**Dataset content**
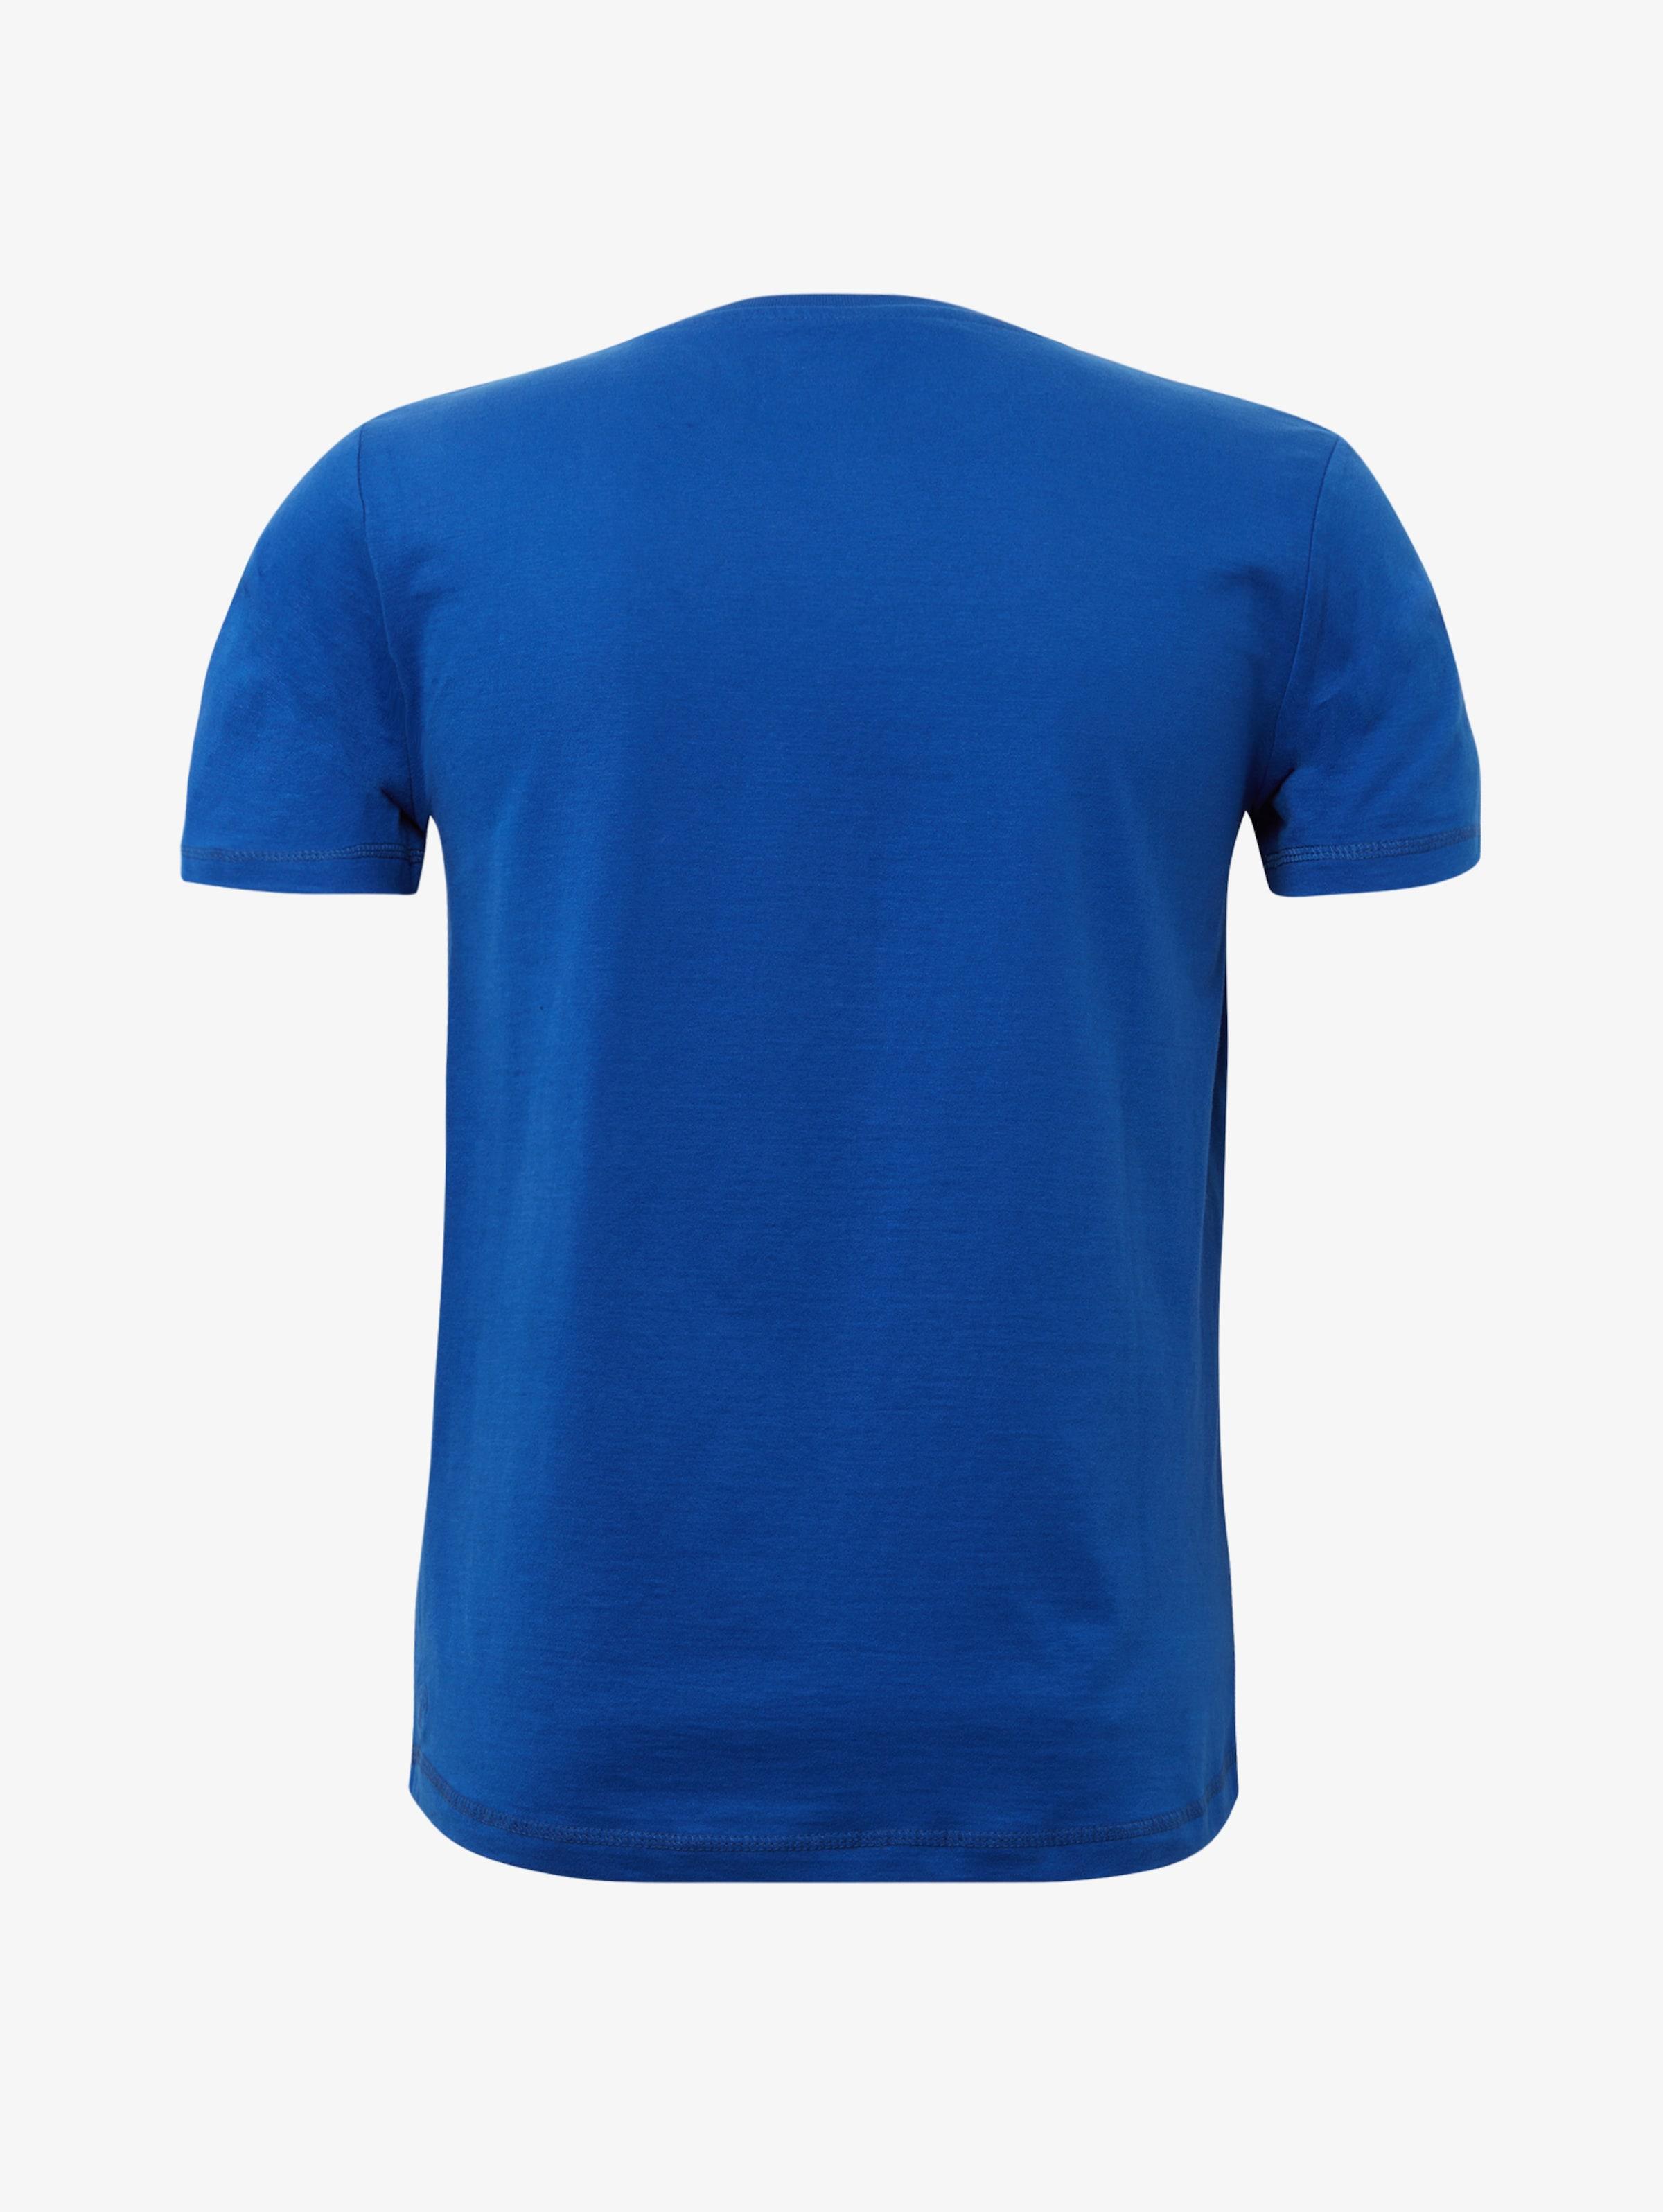 shirt Denim Tom T Schwarz Tailor In BlauHellrot mn0wOvN8
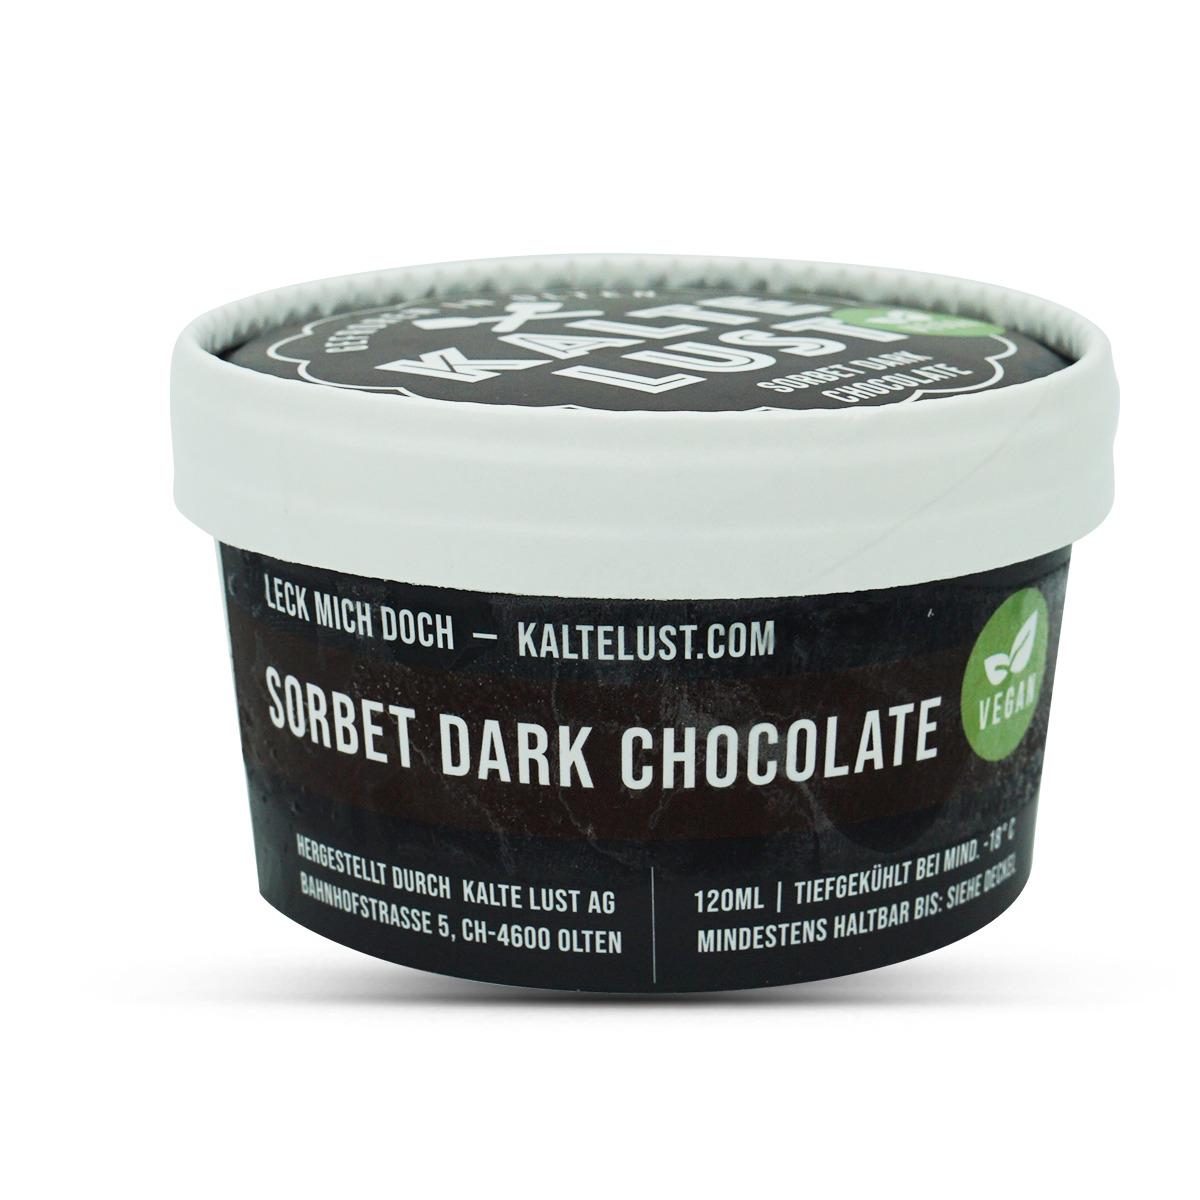 Kalte Lust Sorbet Dark Chocolate Vegan
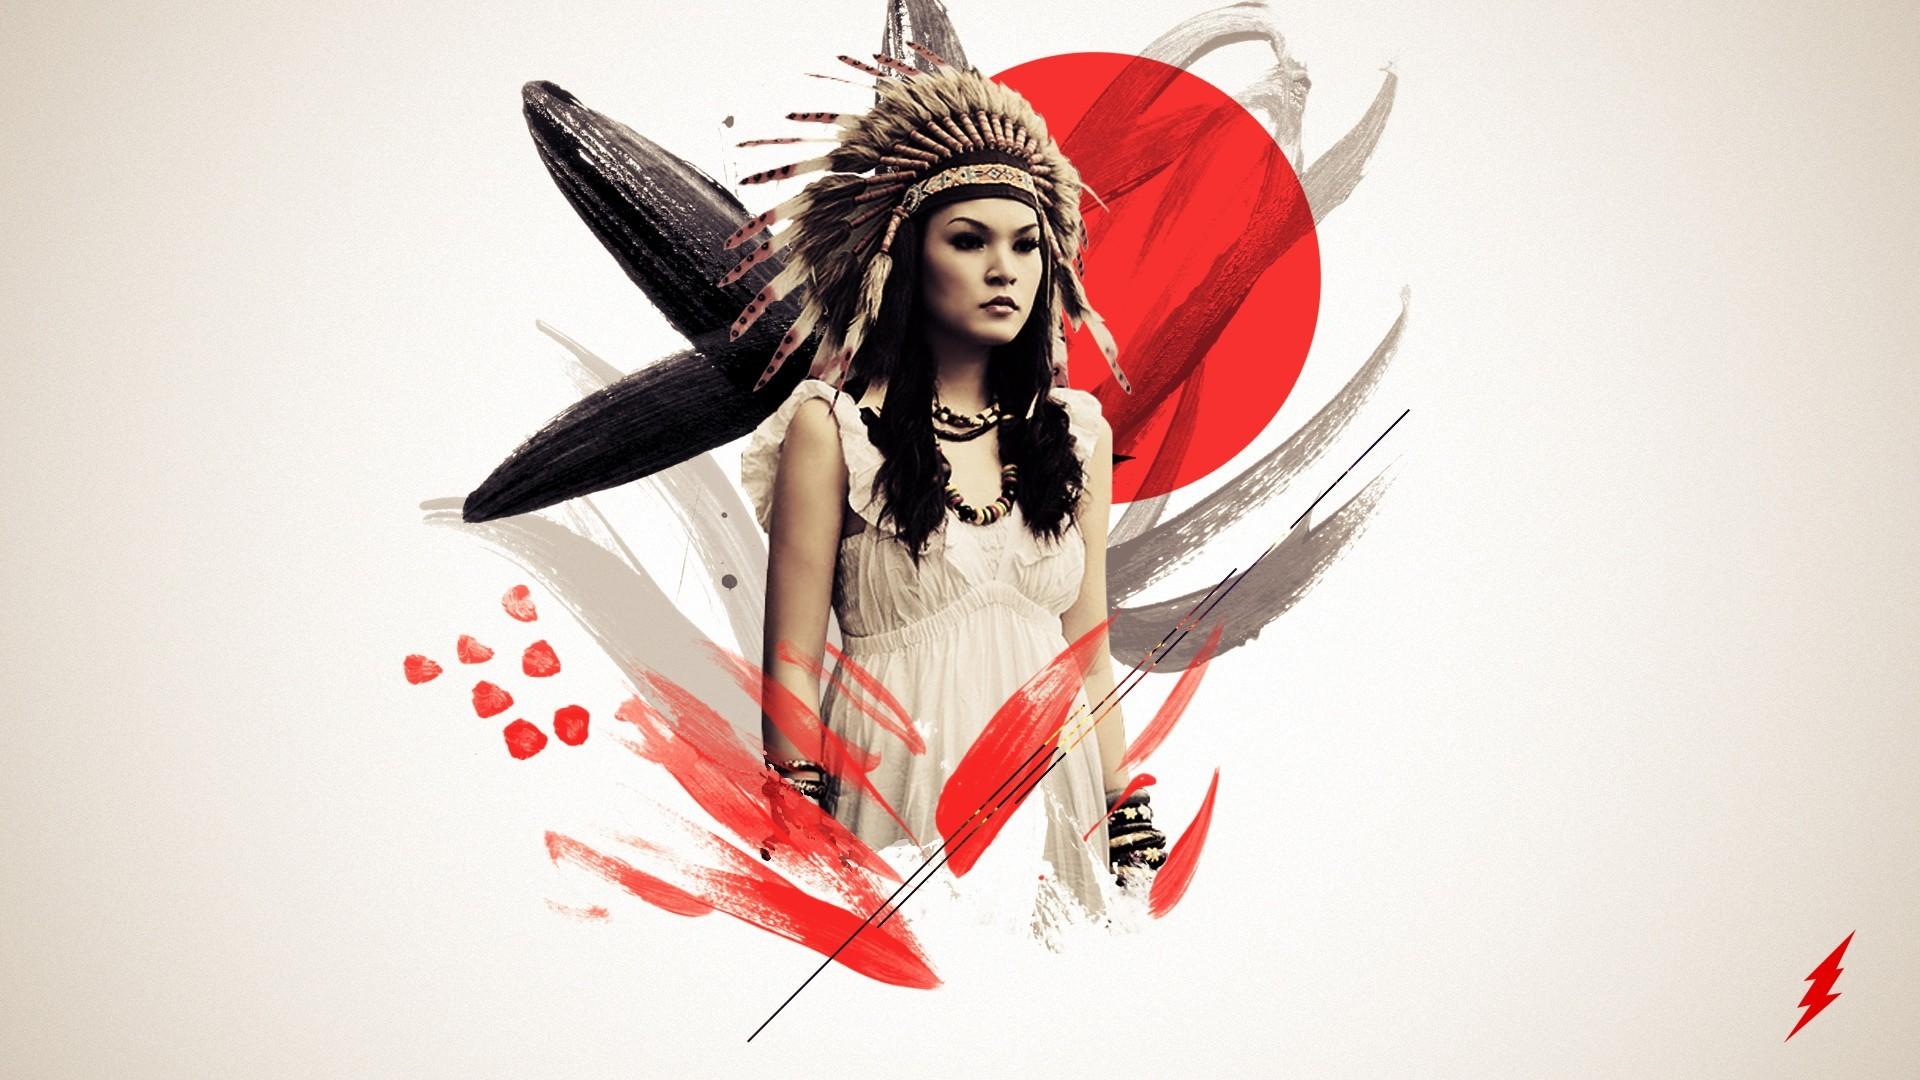 artistic native american Wallpaper Backgrounds

**Task to carry out**
Pictures aside, retype the material exactly.

**Completed task**
 shirt Denim Tom T Schwarz Tailor In BlauHellrot mn0wOvN8
 Kalte Lust Sorbet Dark Chocolate Vegan
 artistic native american Wallpaper Backgrounds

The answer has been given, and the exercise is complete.